Fortunately for Austin, there are many places to get that extra education, including UT Austin’s Department of Computer Science. Currently 1,750 undergraduates and 250 graduate students are enrolled there. The university is working to expand enrollment to 1,900 students, that would make them the largest computer science department by enrollment among the top 10 CS programs ranked by US News.

Computer Science Department Chair Don Fussell said many companies go to his department to recruit, including Amazon. The top 10 companies that hire graduates from the department include big names like Facebook, Google, Microsoft, IBM and Amazon.

“We are one of the best computer science departments in the country, so there are some cities that don’t have the quality of students that we produce,” he said.

For the last 10 years his department has been growing and over the last several years enrollment has increased rapidly. Several years ago they had to start controlling their enrollment because they’d reached capacity.

“We’re trying to move in a direction that helps us teach the kinds of skills that are beyond programming skills that will help them in their careers,” Fussell explained.

He believes UT graduates could make a dent in filling some of those 50,000 potential jobs. “But that’s a large number and of course they’ll still be competing with lots of other institutions to hire our students,” he added.

Fussell believes talent across departments at UT Austin could benefit Amazon and he thinks having Amazon in town wold be positive for the Forty Acres as well.

“Any time we do economic development in Austin, it benefits all of us, especially the university,” he said.

But with the prospect of added jobs, how well would Austin do at getting those people to and from their jobs?

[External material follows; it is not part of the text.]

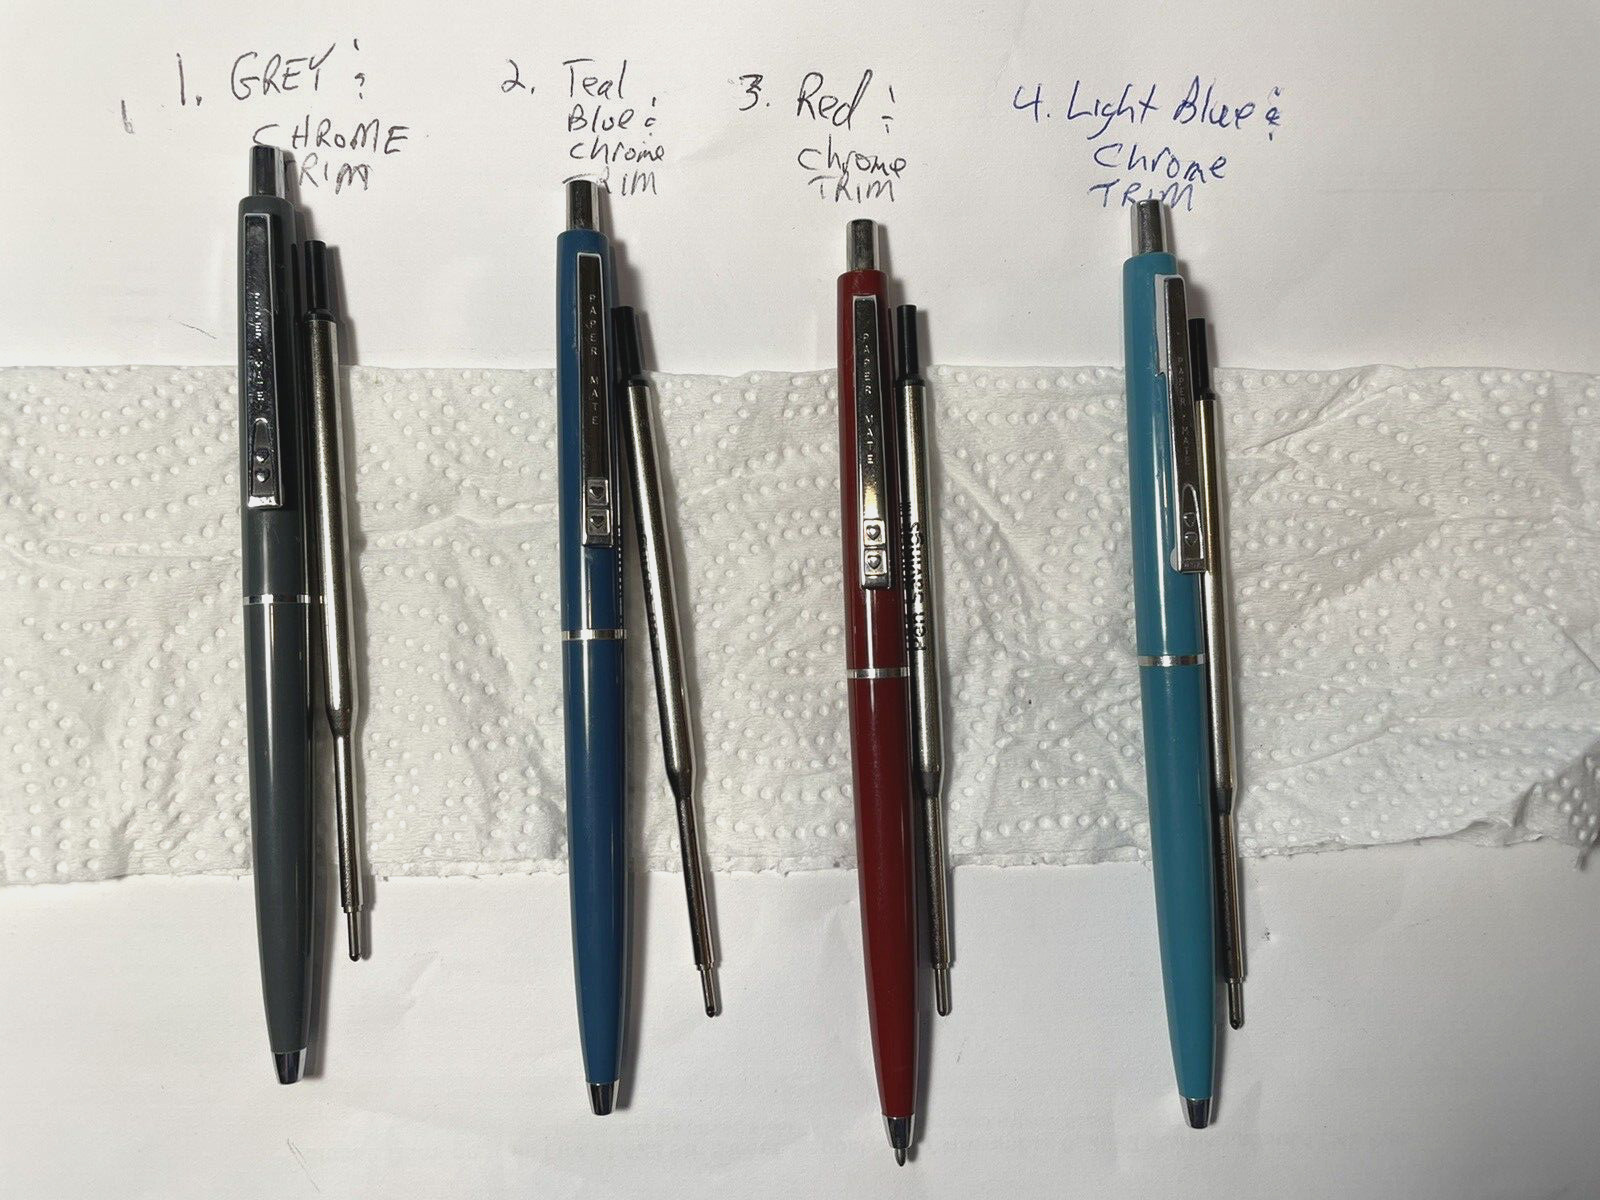 4 Vintage Paper Mate 2 Hearts Ballpoint Pens USA Mexico - Priced Separately

Ali Dadpay, professor of Economics at the School of Business at St. Edward’s University believes this move will have to come with an increase in infrastructure.

“Places like Dallas might offer more transportation infrastructure to them, but the good thing about Austin is we’ve been proactive about infrastructure and we’ll be thinking about it,” he said. “Other cities have to go out of their ways to accommodate Amazon, we are going in the same way, on the same path.”

Dadpay also believes that all of Austin’s higher education resources will be a draw for Amazon as well.

“It’s a natural fit from a workforce profile perspective,” said David Hughen, co-founder of Austin HR. Hughen added that the knowledge base in Austin seems to be able to support the kind of challenge a new Amazon headquarters will present.

Hughen added that in the Austin workforce at large — not just in tech — there is more work than need.

“The challenge is for whoever is responsible if Austin was to win the Amazon HQ2, there would have to be some real thought put into a partnership between the [Greater Austin Chamber of Commerce], firms like us and other partners associated with attracting and bringing talent, because most of the talent would not be in our midst,” Hughen explained, which is why continuing and higher education may be key for Austin’s success in this venture.

“If our solution is very thoughtful and creative, bringing up people on the fringe of skills and help them enter in,  then we are going to have a great story about opportunity in Austin,” Hughen said.

Amazon expects to decide on a final location for HQ2 at some point in 2018.